# Task details
Extract each line of the material that follows exactly and omit its pictures.
### Input data ###
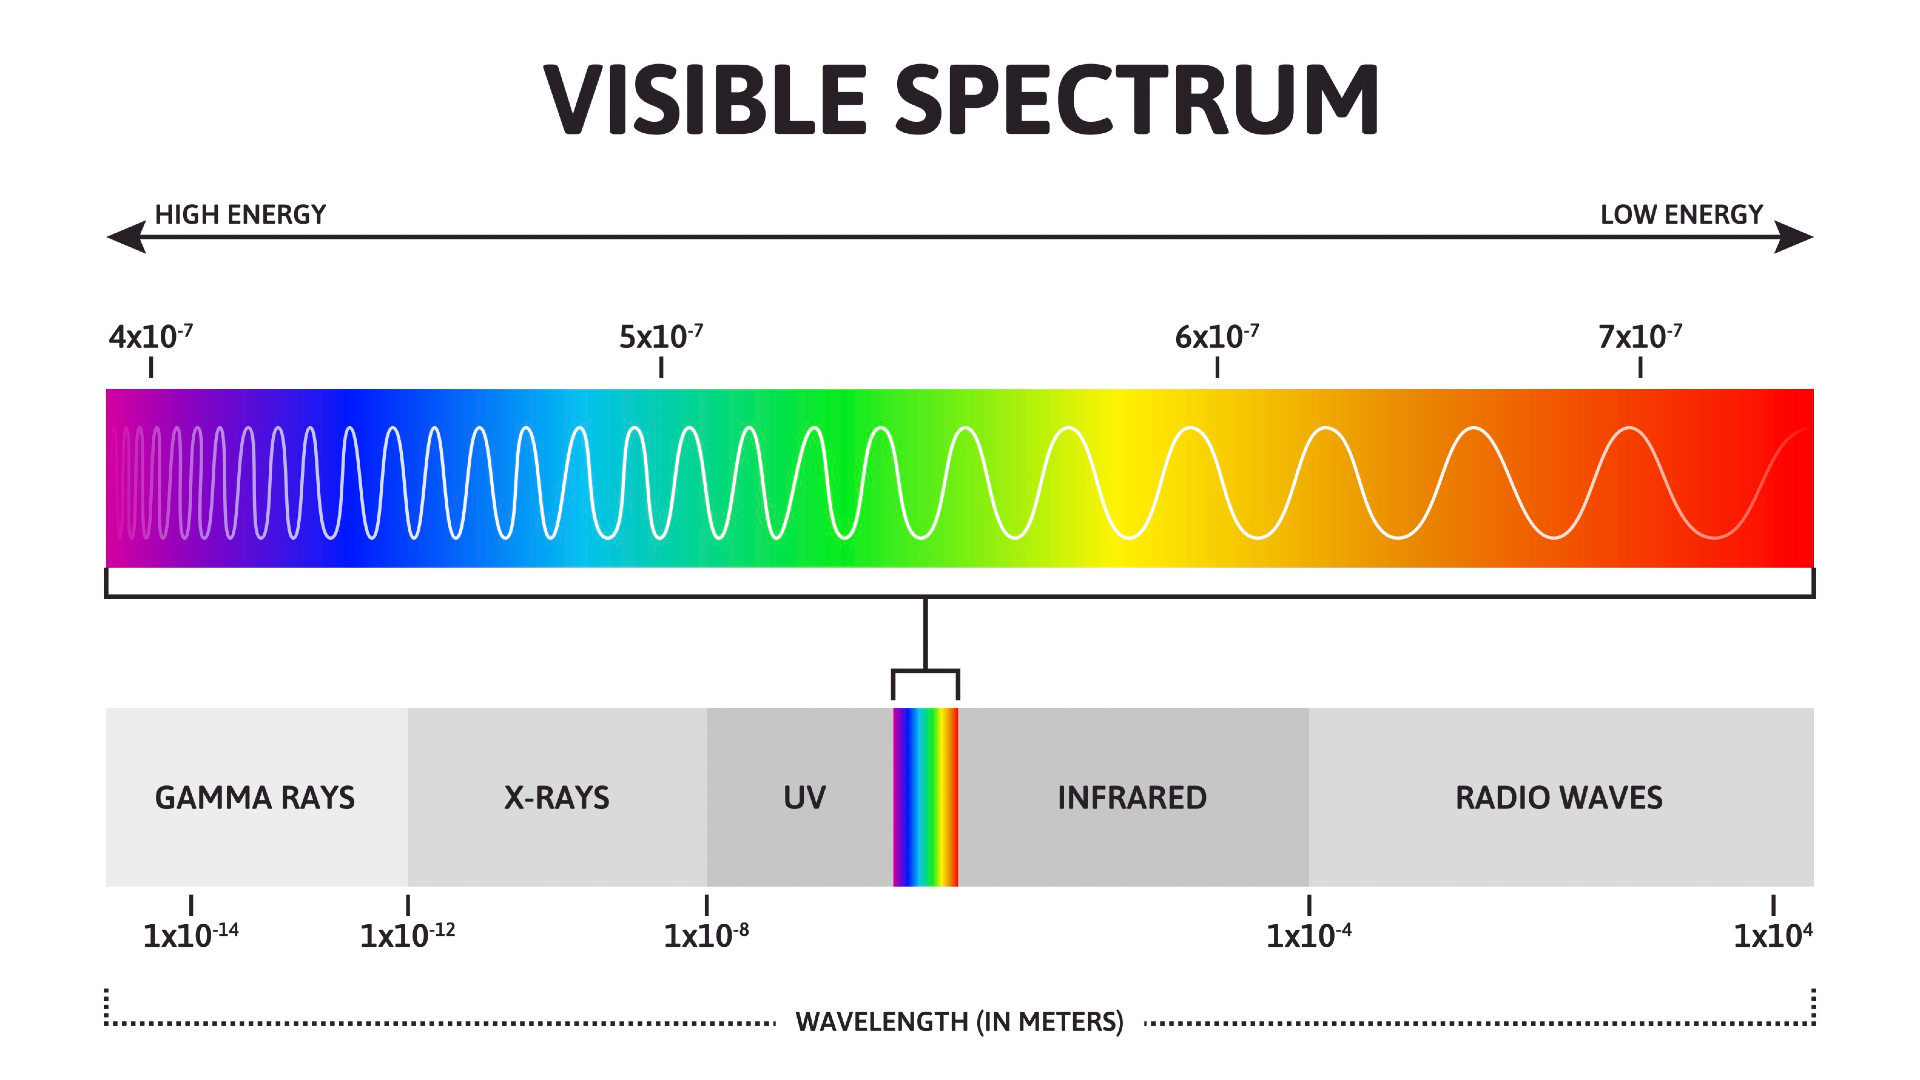 Diagram of the visible color spectrum. From left (high energy) to right (low energy) it goes gamma rays, x-rays, UV, infrared, and then radio waves.
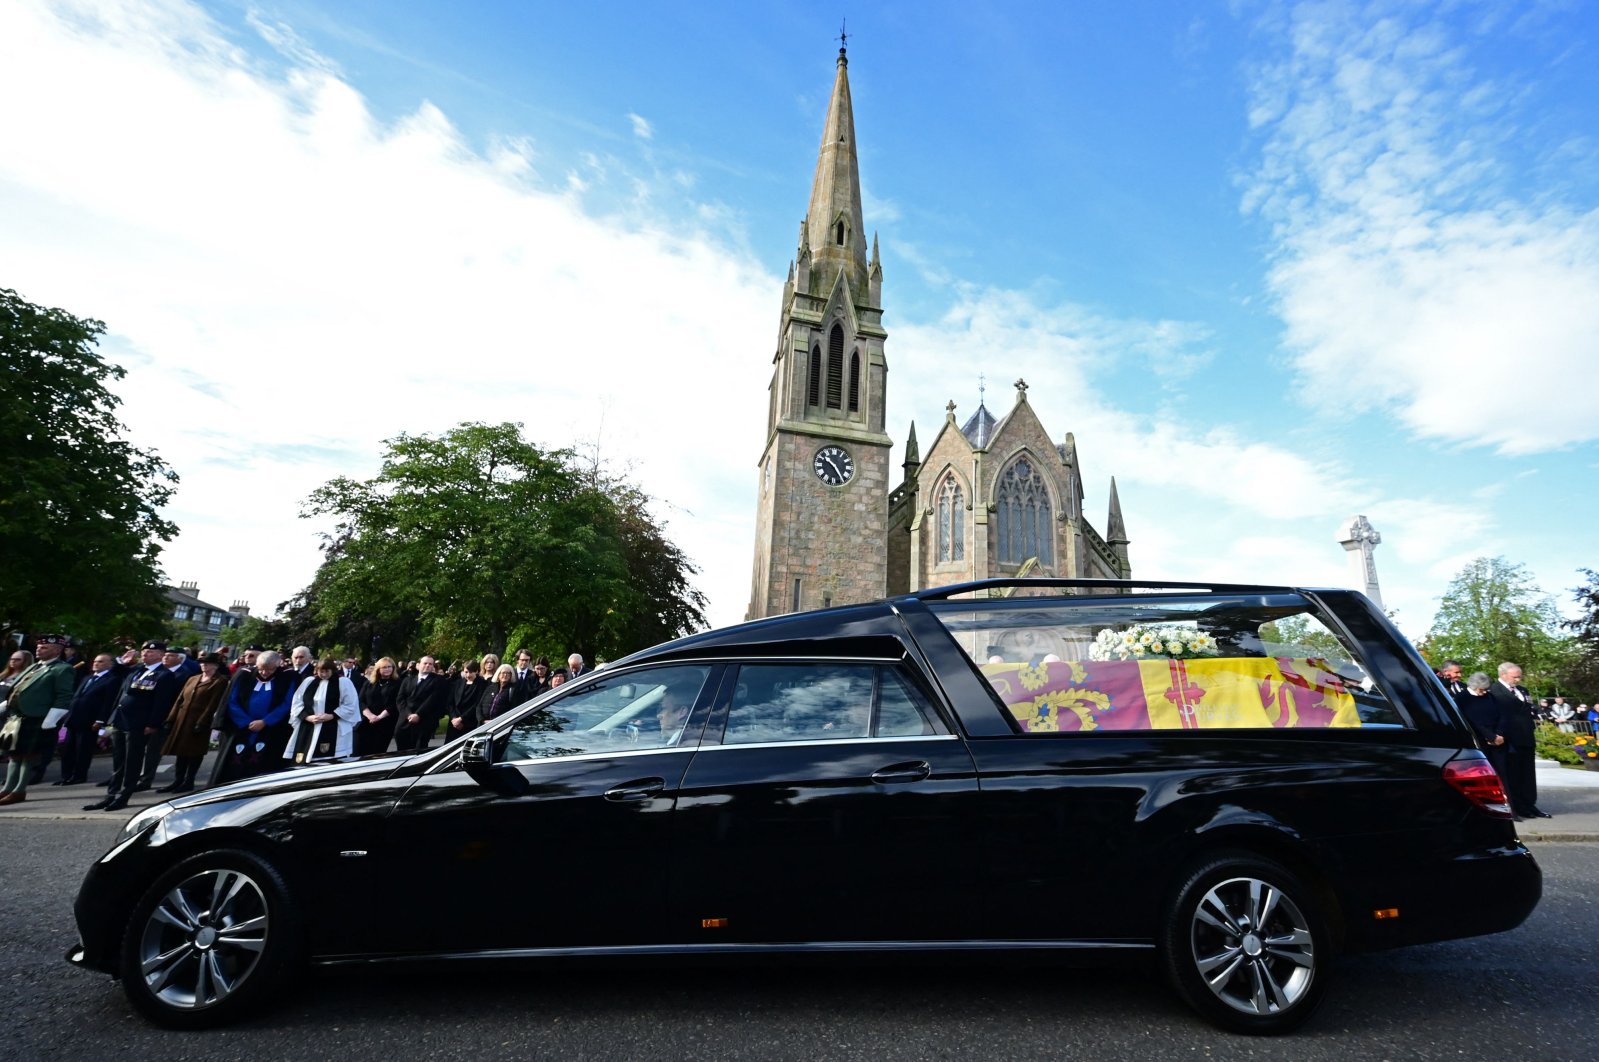 Members of the Public pay their respects as the hearse carrying the coffin of Queen Elizabeth II is driven through Ballater, Scotland, Sept. 11, 2022. (AFP Photo)
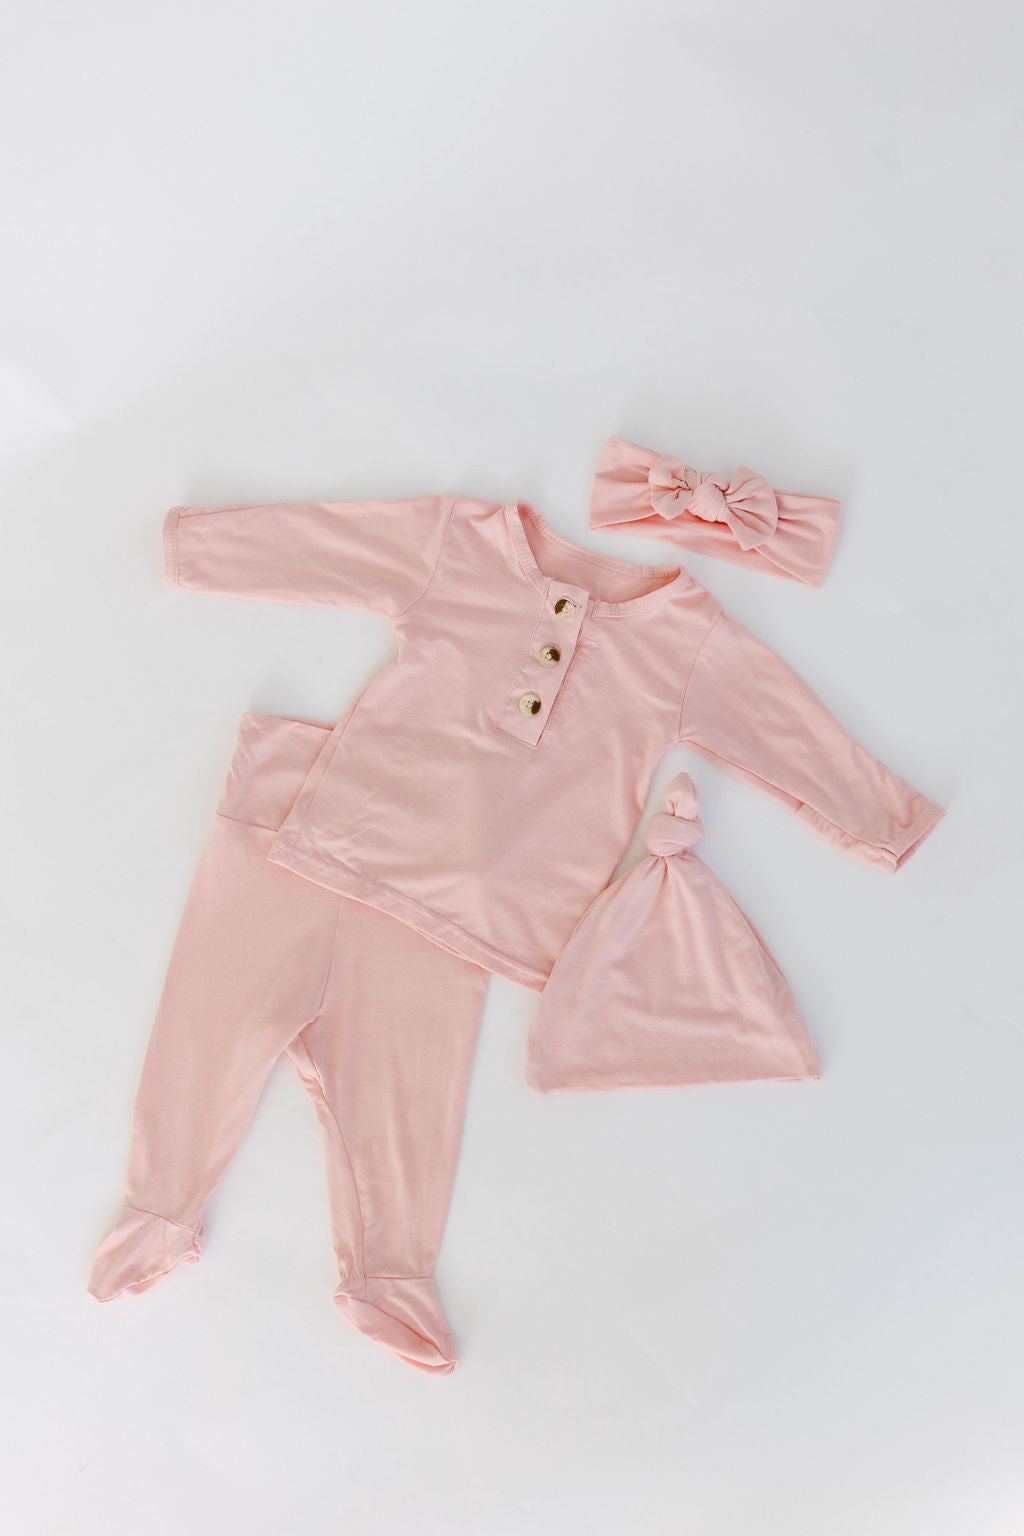 Top and Bottom Outfit, Hat and Headband Set (Newborn - 12 months) - Pink
###
# Answer
 Diagram of the visible color spectrum. From left (high energy) to right (low energy) it goes gamma rays, x-rays, UV, infrared, and then radio waves.
 Members of the Public pay their respects as the hearse carrying the coffin of Queen Elizabeth II is driven through Ballater, Scotland, Sept. 11, 2022. (AFP Photo)
 Top and Bottom Outfit, Hat and Headband Set (Newborn - 12 months) - Pink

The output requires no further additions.